# MetaStock Parabolic SAR Function

Provided By www.meta-formula.com

The Parabolic SAR (Stop and Reverse) indicator is quite useful and is often used in determining exits from trades. The formula is quite complex and beyond the scope of this study guide, but its interpretation is relatively straightforward. The dotted lines below the price establish the trailing stop for a long position and the lines above establish the trailing stop for a short position. Thus, long trades should be closed when the price drops below the Parabolic SAR and short positions closed when the price rises above the Parabolic SAR. The Parabolic SAR can be used in any time frame.

SYNTAX SAR(Step, Maximum)

Step _ As a security makes new highs, the Parabolic SAR will rise according to this step value. The higher the step value is set, the more sensitive the indicator will be to price changes. If the step is set too high, the indicator will fluctuate above and below the price too often, making interpretation difficult.

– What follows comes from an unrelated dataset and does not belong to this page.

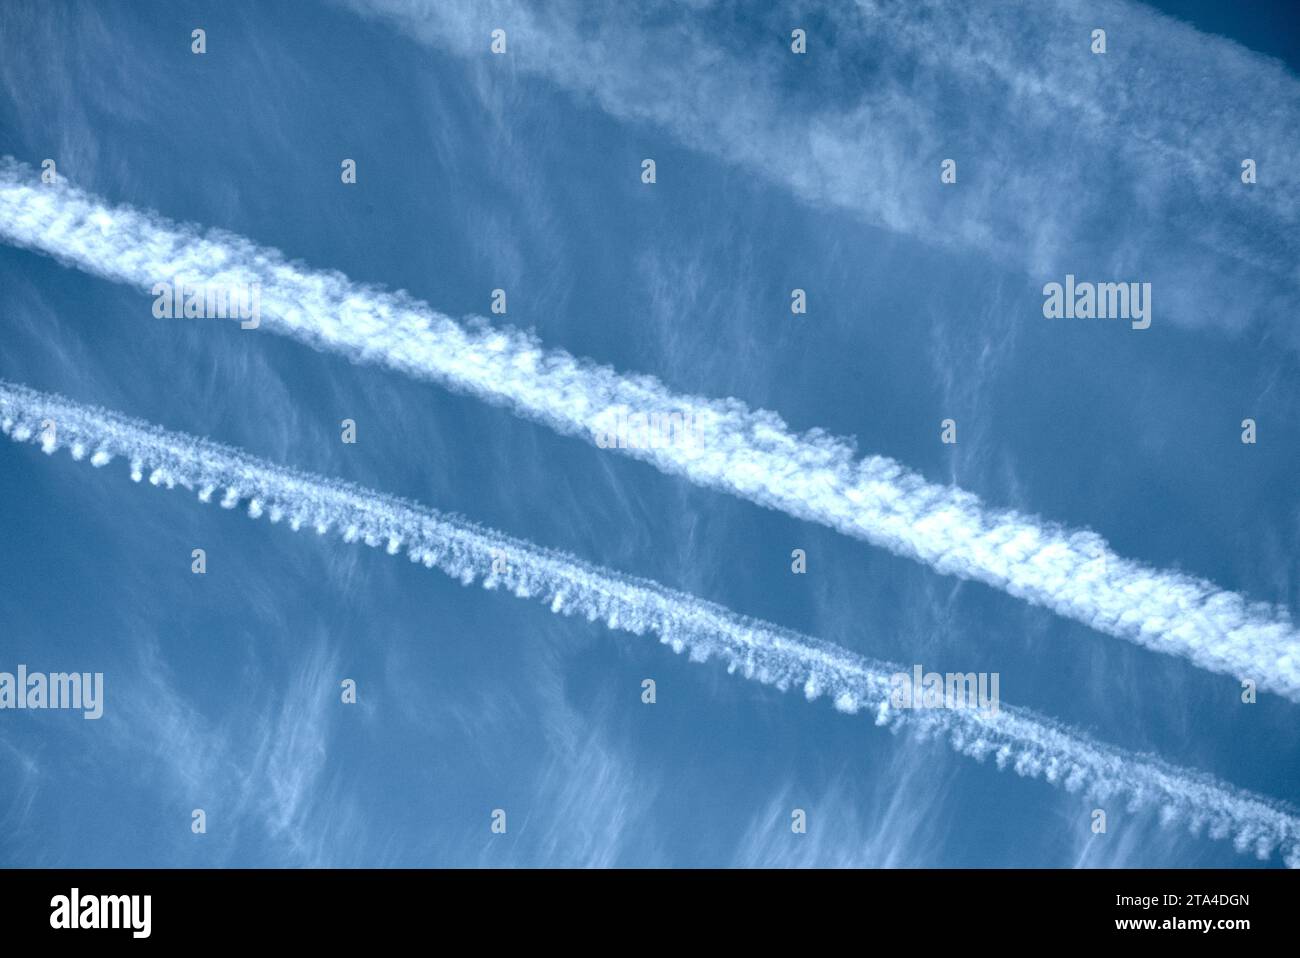 Chemtrails on a sunny day Stock Photo

Maximum _ This is the maximum value that the SAR step can obtain. The maximum step controls the adjustment of the SAR as the price moves. The lower the maximum step value is set, the further the trailing stop will be from the price.

EXAMPLE

The following formula plots the Parabolic SAR where the value will rise or fall in 0.02 increments and will rise to a maximum value of 0.2:

SAR(0.02,0.2)

In the above example:

Step = 0.02

Maximum = 0.2

APPLICATION

A more useful application of this example could be:

Cross(C,SAR(0.02,0.2))

This formula identifies when the closing price crosses above the Parabolic SAR. This could be considered a trigger to enter a long position.